[Python-Dev] Re: [I18n-sig] Changes to gettext.py for Python 2.3

16 Apr 2003 15:36:08 -0400

On Wed, 2003-04-16 at 15:20, Martin v. Löwis wrote:
> Barry Warsaw <barry@python.org> writes:
> 
> > Right, but see above.  E.g. if your string literals are all Spanish and
> > you want a Turkish translation, then utf-8 is the only common encoding
> > you could possibly use in a .po file, right?
> 
> That's why your string literals should never be all Spanish. If you
> have Spanish string literals and use escape codes in the msgid,
> reading the Spanish msgid becomes difficult, anyway.

So why isn't the English/US-ASCII bias for msgids considered a liability
for gettext?  Do non-English programmers not want to use native literals
in their source code?

If we adhere to this limitation instead of extending gettext then it
seems like Zope will be forced to use something else, and that seems
like a waste.  Its msgids come from sources other than program source
code and such sources may indeed be written in non-English.  It seems
like gettext is so close and all the machinery is almost there, that
this small enhancement should be harmless and helpful.

BTW, I believe that if all your msgids /are/ us-ascii, you should be
able to ignore this change and have it works backwards compatibly.

Also, this change ought to visibly only affect .ugettext() which isn't
part of the traditional gettext API anyway.

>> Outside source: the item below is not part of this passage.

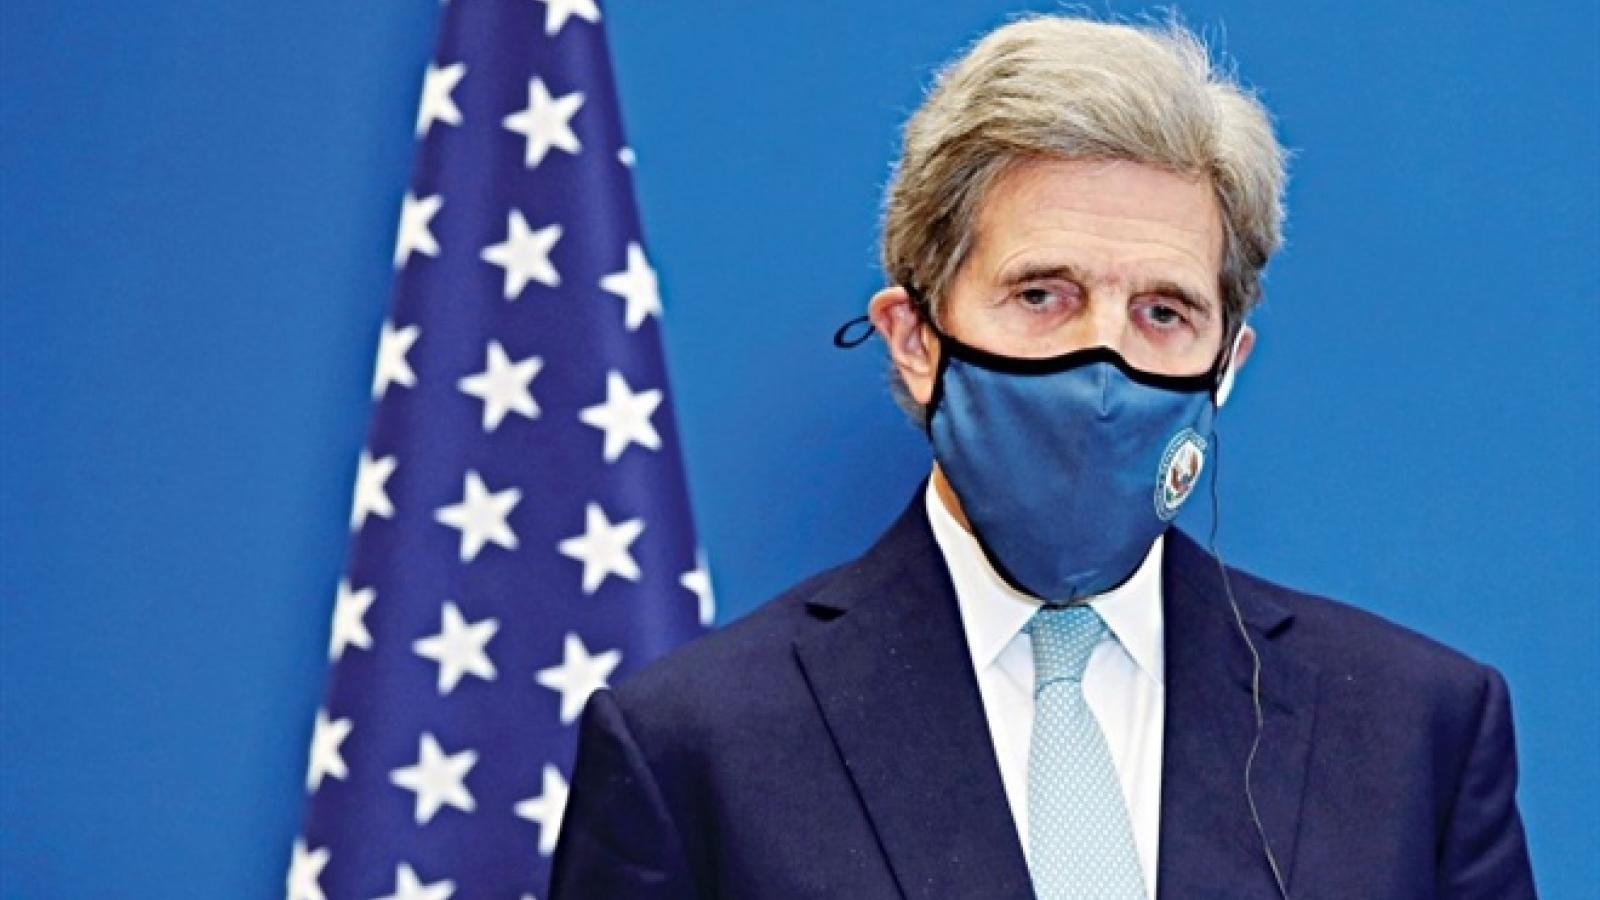 Tuần tới đặc phái viên Mỹ John Kerry sẽ thăm Trung Quốc?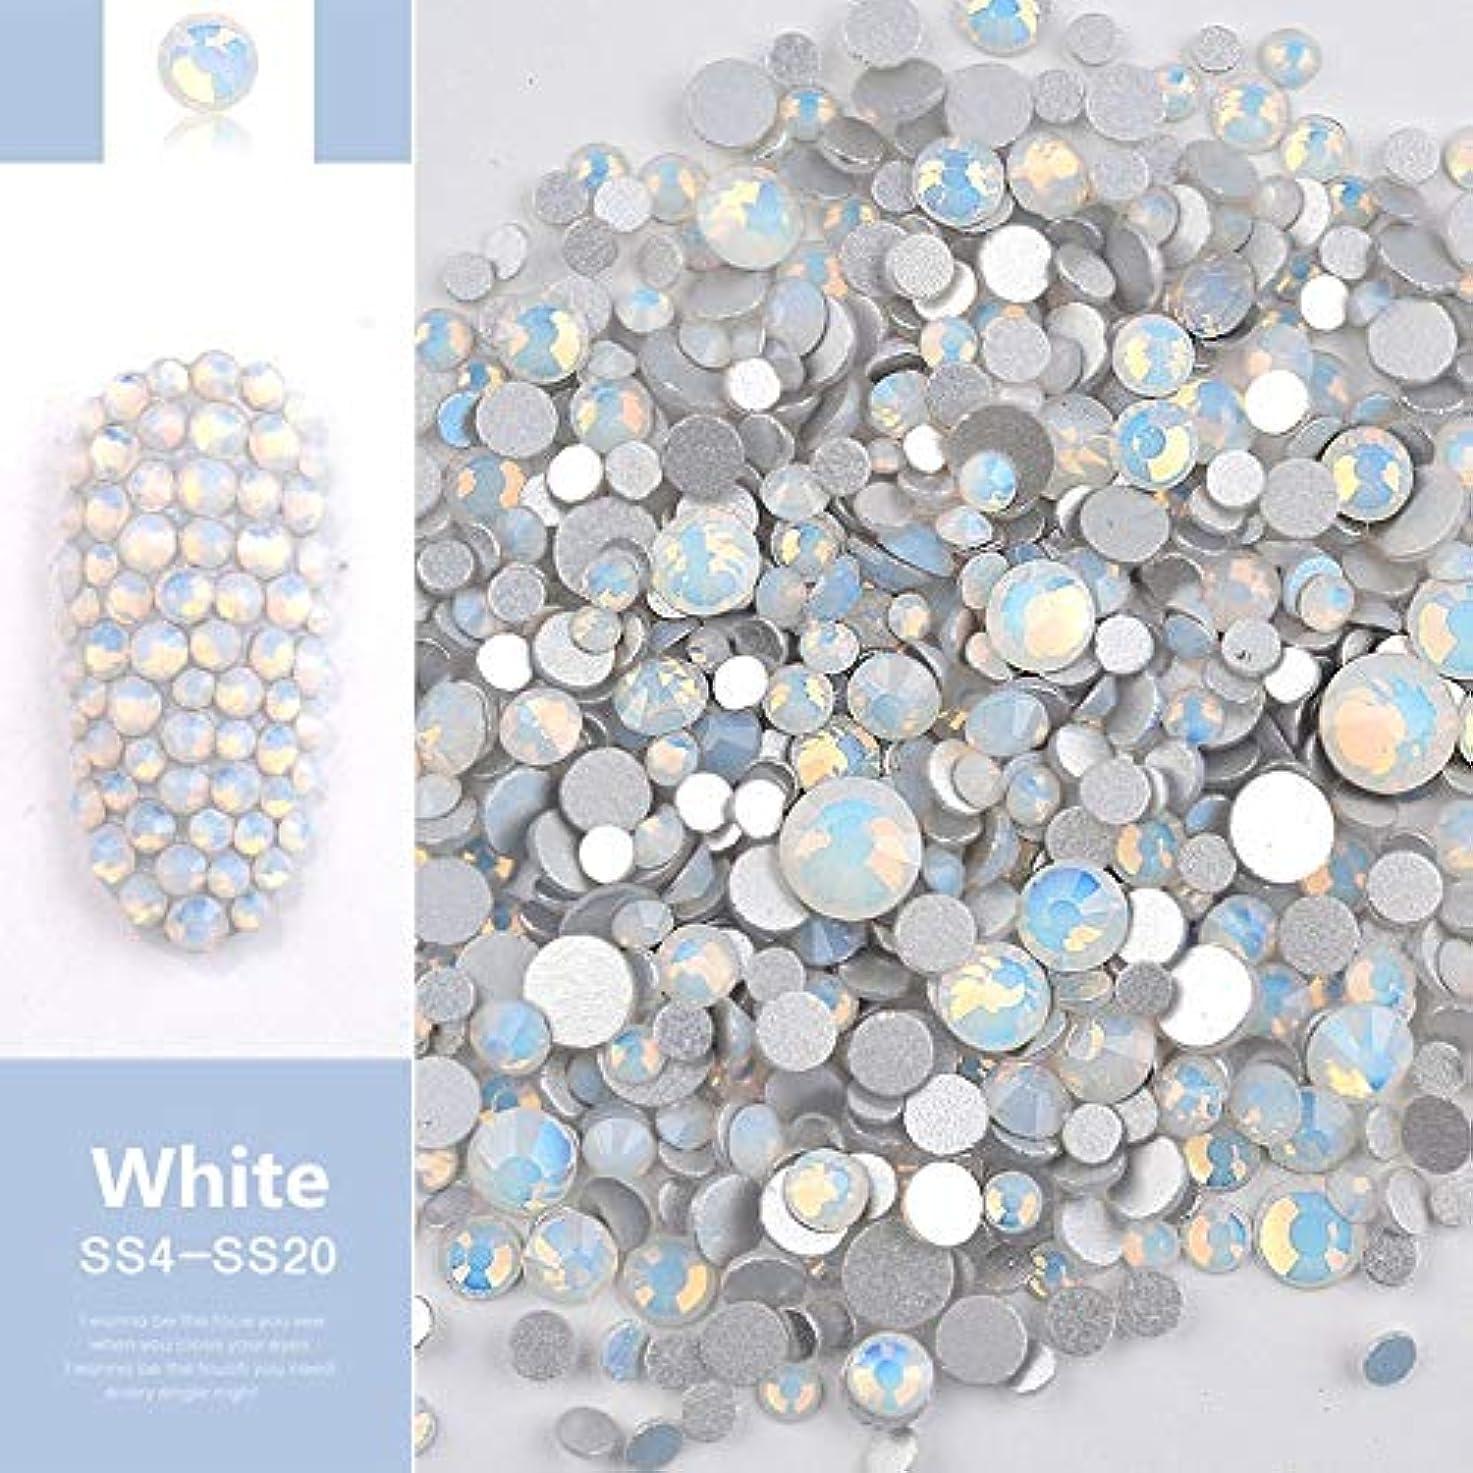 Jiaoran ビーズ樹脂クリスタルラウンドネイルアートミックスフラットバックアクリルラインストーンミックスサイズ1.5-4.5 mm装飾用ネイル (Color : White)

> > > 3. By converting the msgids, they are also changing them. That means
> > >    the msgids are not really suitable as keys anymore.
> > 
> > Is this still a problem for when charset=utf-8?
> 
> If the msgids are UTF-8, with non-ASCII characters C-escaped,
> translators will *still* put non-UTF-8 encodings into the catalogs.
> This will then be a problem: The catalog encoding won't be UTF-8,
> and you can't process the msgids.

Isn't this just another validation step to run on the .po files?  There
are already several ways translators can (and do!) make mistakes, so we
already have to validate the files anyway.

-Barry